The rice trick is a classic: after taking out the battery and the SIM card, usually I just bury my phone in a bowl full of dried rice. It takes several hours to several days, but rice is one thirsty grain. It usually sucks out all the moisture and put your mobile back in working condition. One time, I was even out at a restaurant when it happened, and the kind server was more than understanding when I asked for my rice “extra al dente.” But here I was at a hotel pool in downtown in Toronto.That’s when I remembered another trick: wrap it up in paper towels and toss it in the freezer. The only problem was that I hadn’t thought to rent a fridge for my hotel room.What I did have was a balcony, a Ziploc bag, and a wicked Toronto winter.

Second hand replacements

Okay, so in the end, it turned out the circuits had already shorted long before I managed to run down to my hotel room. I was ages away from my contract coming up, and I was still in Canada in for a week. Online classifieds have always been my go-to for everything from bicycles to patio furniture. After asking the ex-pat friend I was visiting, she said that Canadians all use Kijiji. I usually take my time comparing prices (in this case I used Kijiji’s handy phone price checker which saved a ton of time!) and hold out for a good bargain, but I was on vacation, so I let distance be my deciding factor. If it wasn’t in downtown Toronto, it was someone else’s deal to snap up.

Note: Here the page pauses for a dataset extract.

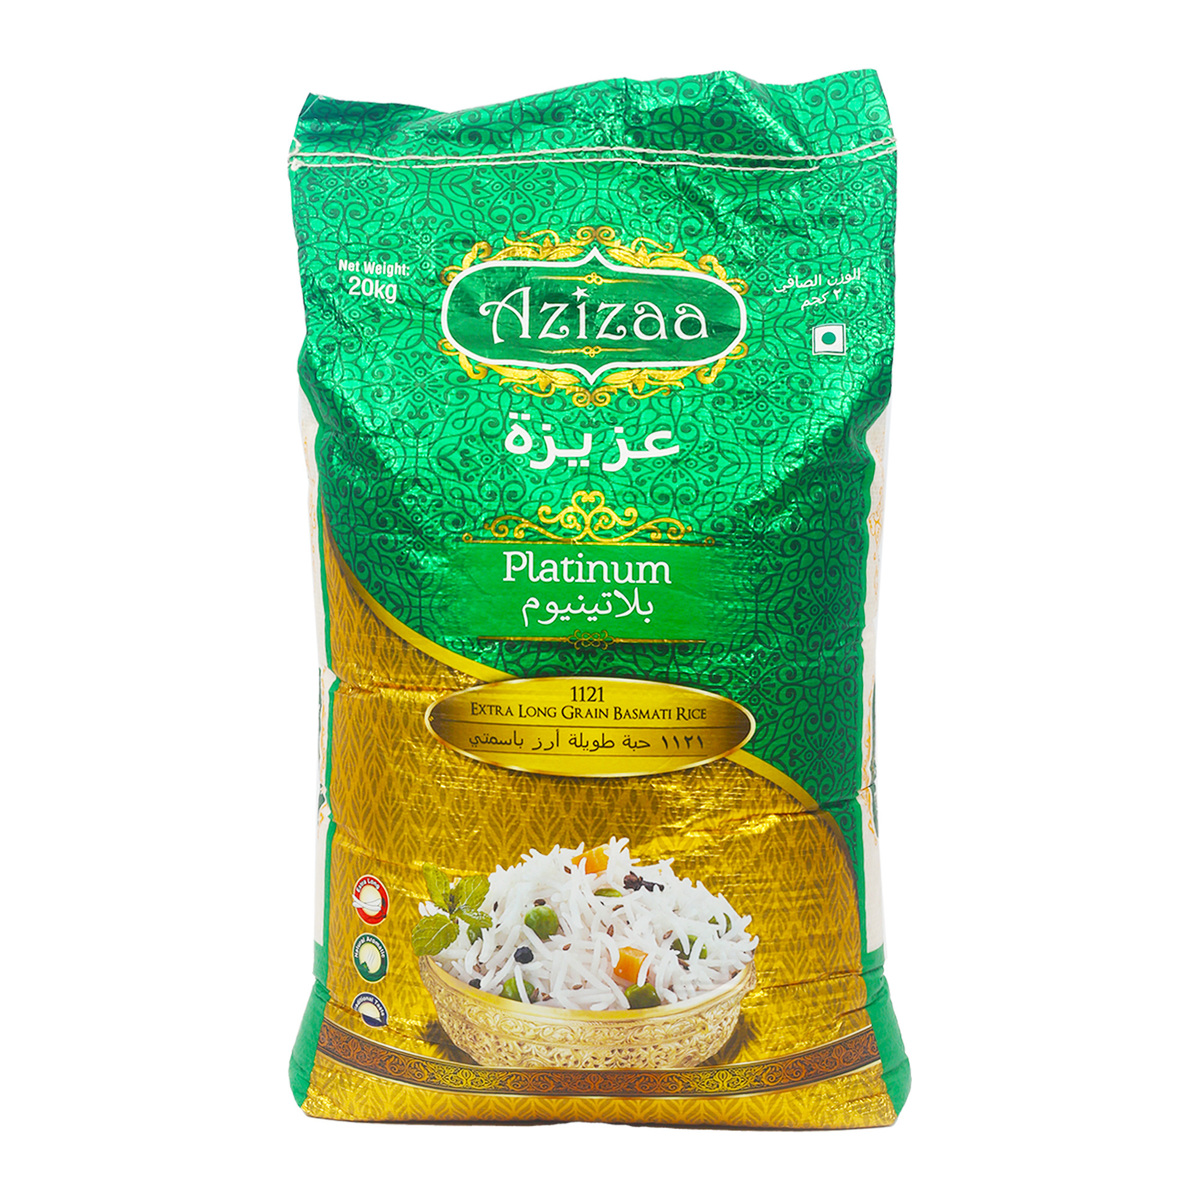 Azizaa Platinum Basmati Rice 20 kg
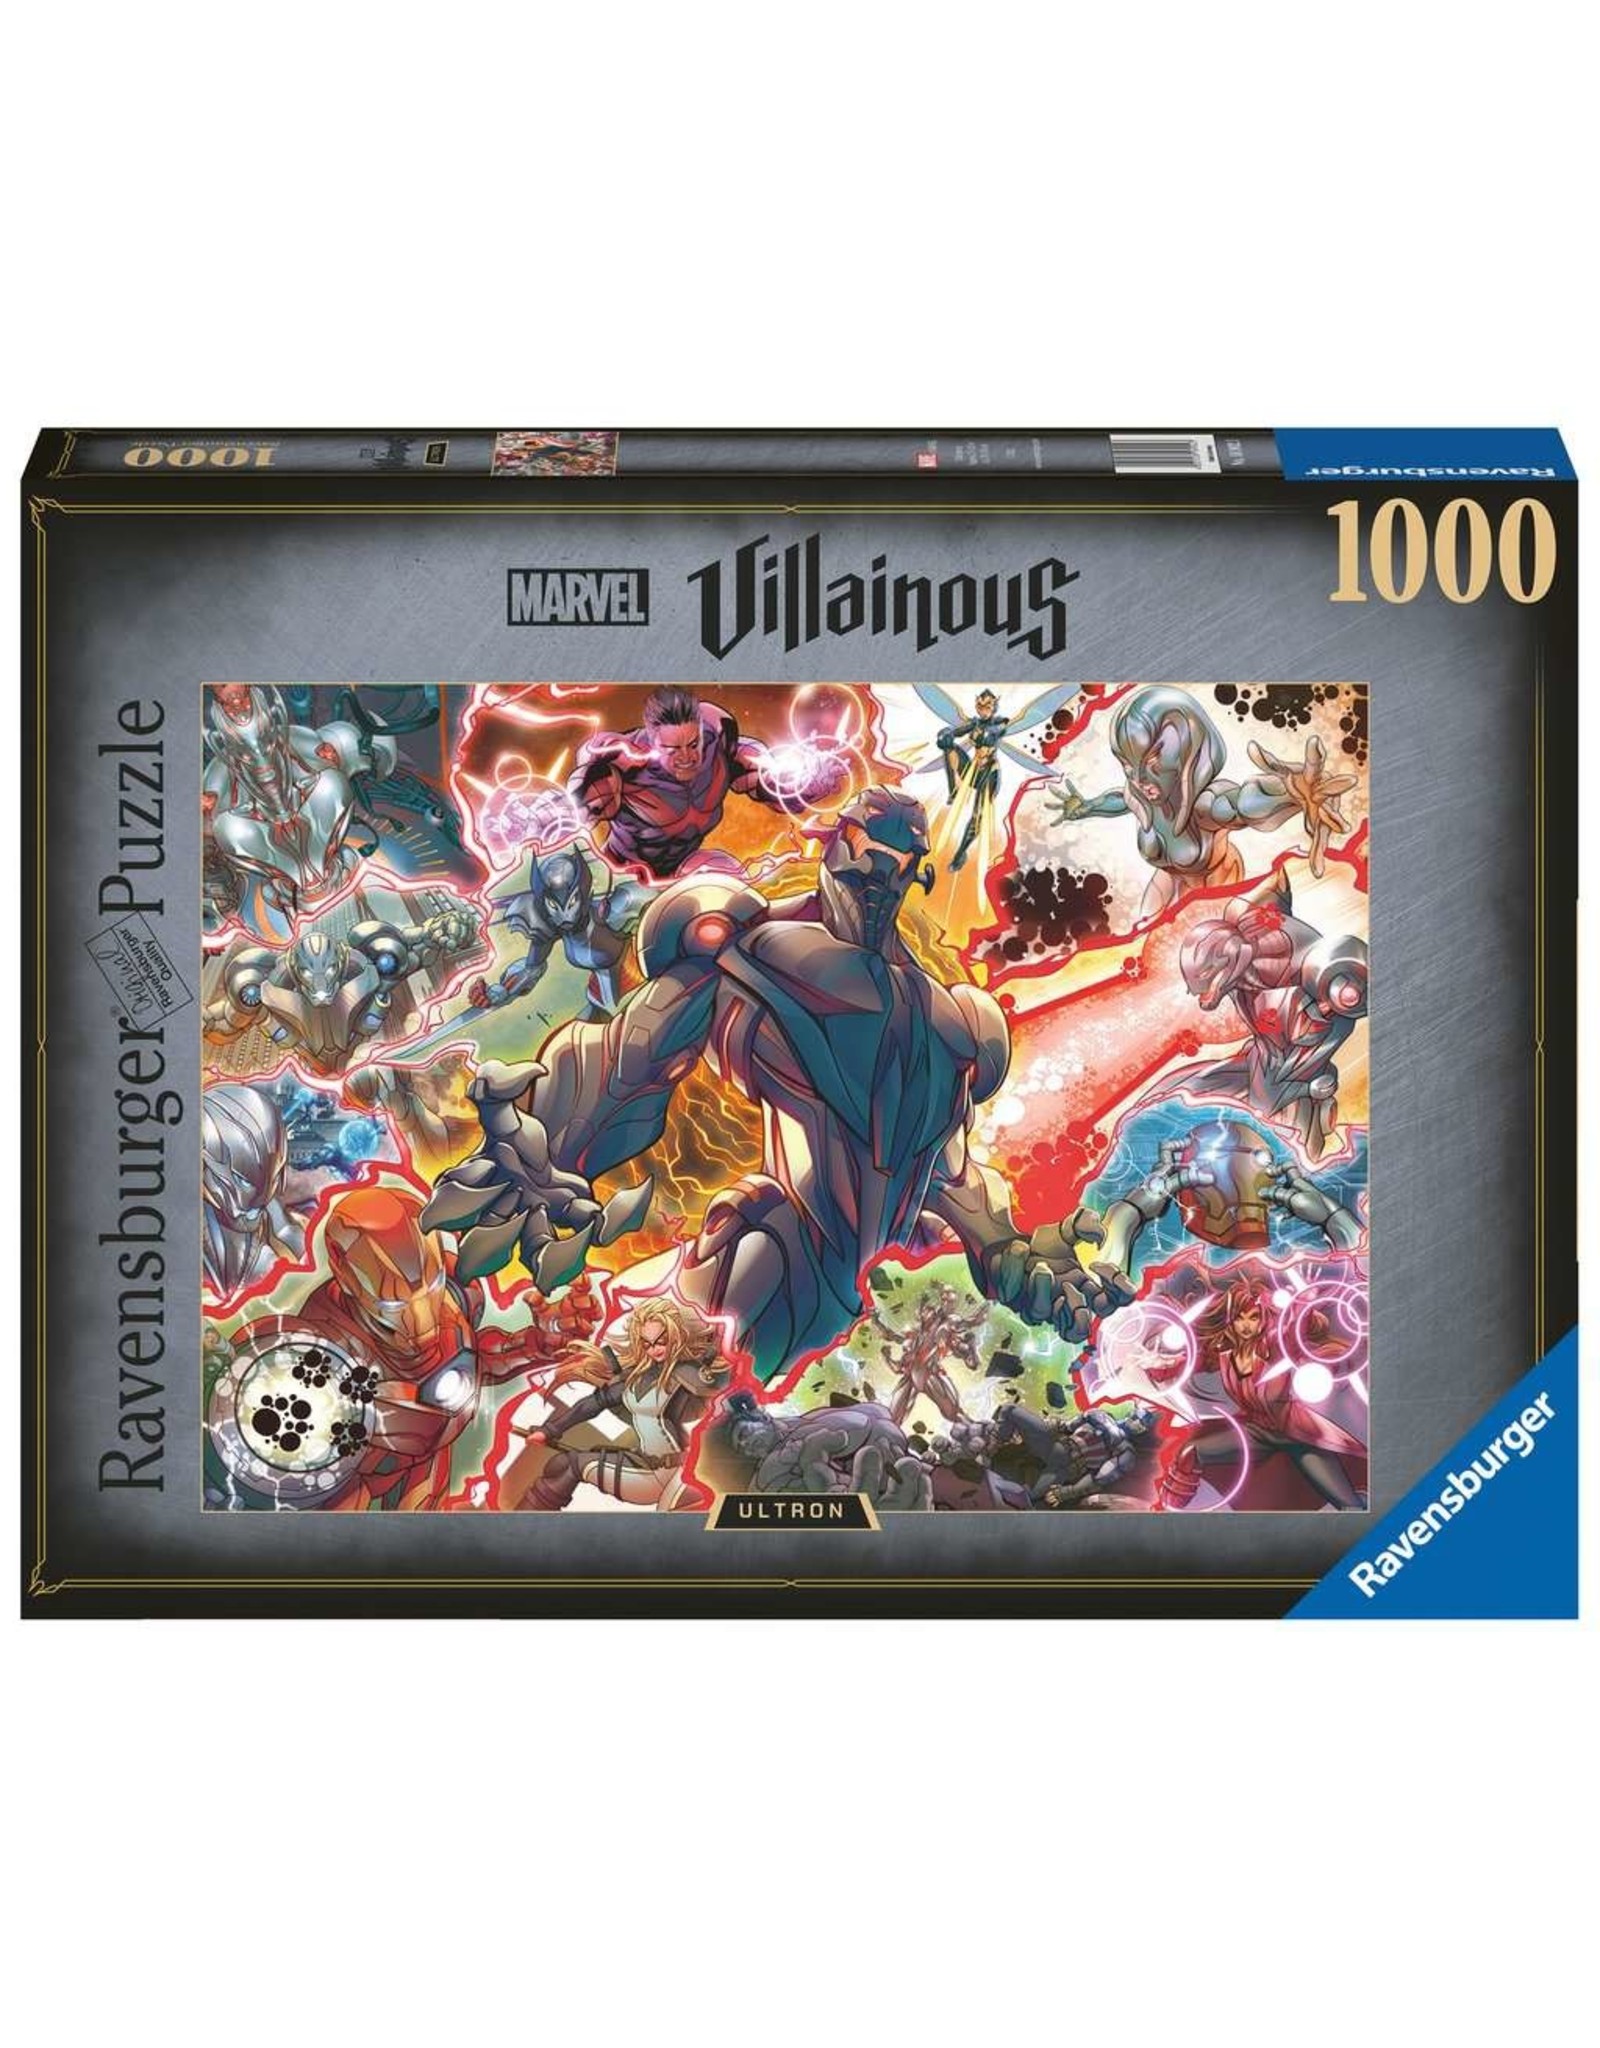 Ravensburger Marvel Villainous: Ultron 1000pc

No more texting in the stall

After burning through bags full of rice and a couple of iPhones, I’ve learned that the best way to save a wet mobile is to keep it dry in the first place. As much as I’m married to my phone, I’ve learned to leave it alone on those poolside afternoons. The whole point is relaxing anyway, and I find spending some time away from the screen is the best way to decompress. The hardest task I’ve set myself, though, is to stop retreating to the restroom to text. If you can’t text at the table, maybe it just has to wait. When the itch to get in touch takes over, take it out to the sidewalk.